Noting the earlier start to United’s seasonal service, Aaron Adderley, president of airport operator Skyport, said: “We are inching our way closer to year-round service.”
The former Continental Airlines first came to Bermuda 30 years ago, and merged with United in 2011.
Mr Adderley said the direct service from Newark had long been a favourite for residents and visitors, with residents flying out to for shopping and vacationing in the New York area.
“It has just been a phenomenal flight to have.”
He said that while JetBlue and American Airlines also fly from New York to Bermuda, albeit through JFK International Airport, “they do so at night, so for visitors getting to Bermuda at night-time is not ideal. Newark, with its midday service, ticks a number of boxes for visitors and residents.”

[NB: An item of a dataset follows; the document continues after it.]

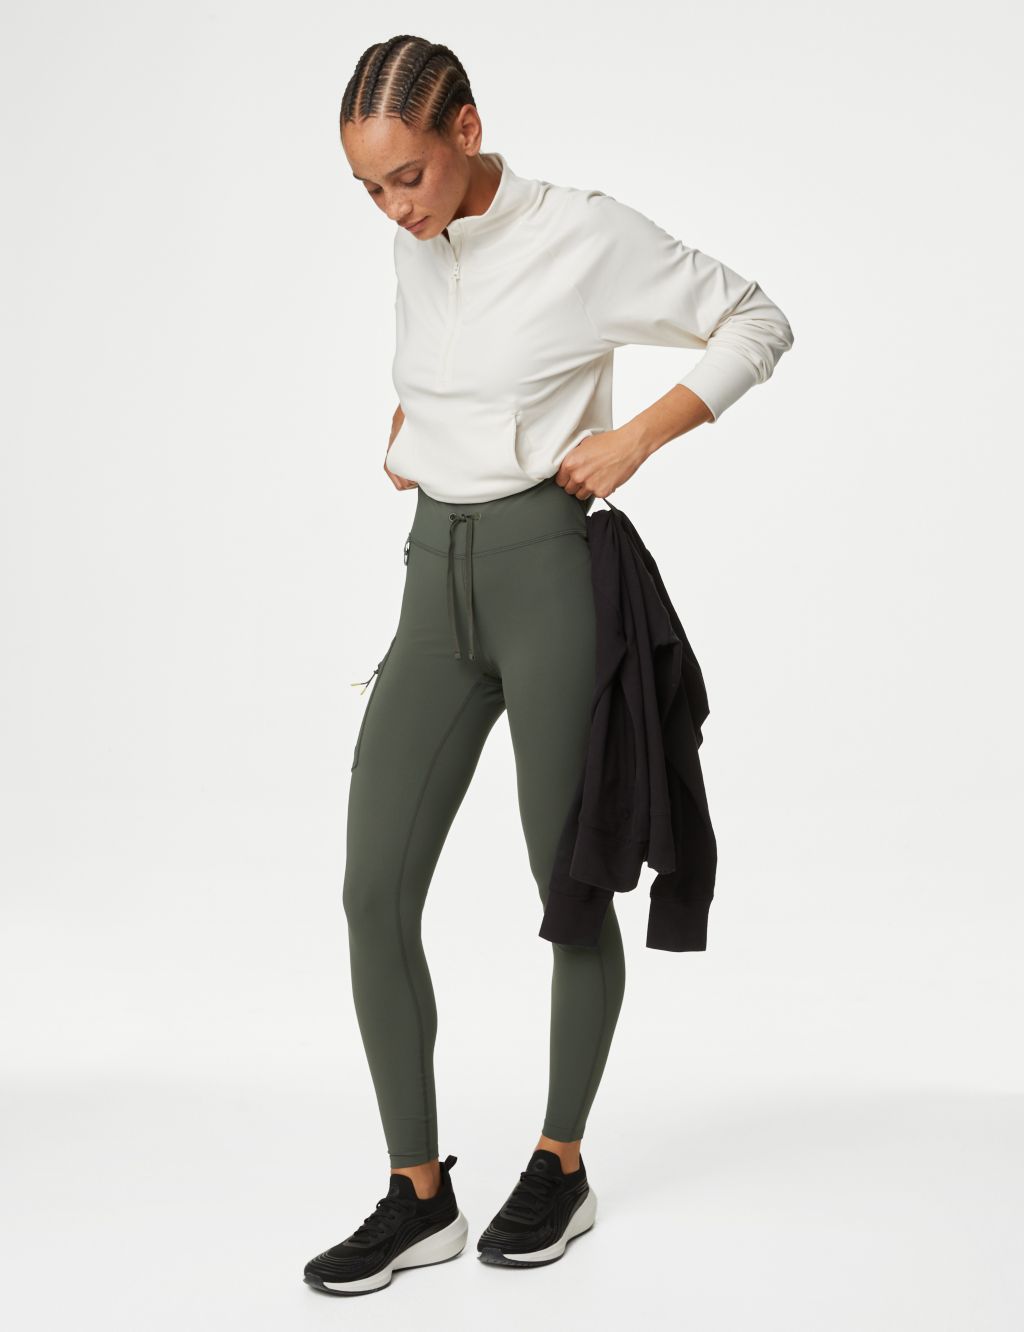 Olive green timberlands  Outfits with leggings, Green leggings outfit,  Olive green outfit

He said discussions to encourage United to increase its airlift to the island beyond the months of April to October were ongoing.
“Our discussions are about flying January through December. Even if we move to twice or three times a week for the off season, as long as we have presence here that is good for the airline and the destination.”
Yana Shugart, United Airlines’ regional manager covering Bermuda, said that part of the reason the carrier has had such a long association with Bermuda came from it recognising the desire of locals to travel to Newark to shop.
Asked about the possibility of the airline increasing its service, she said: “We are not saying no to anything right now, because we have added aircraft. They are looking at all markets right now.
“There was a time when we pulled back in our hubs, specifically in Newark, but we won’t make that mistake again. That’s why we are adding as many routes as possible.
“It has to be financially viable and sustainable as well, depending on different times of the year, and this is what happened historically here.”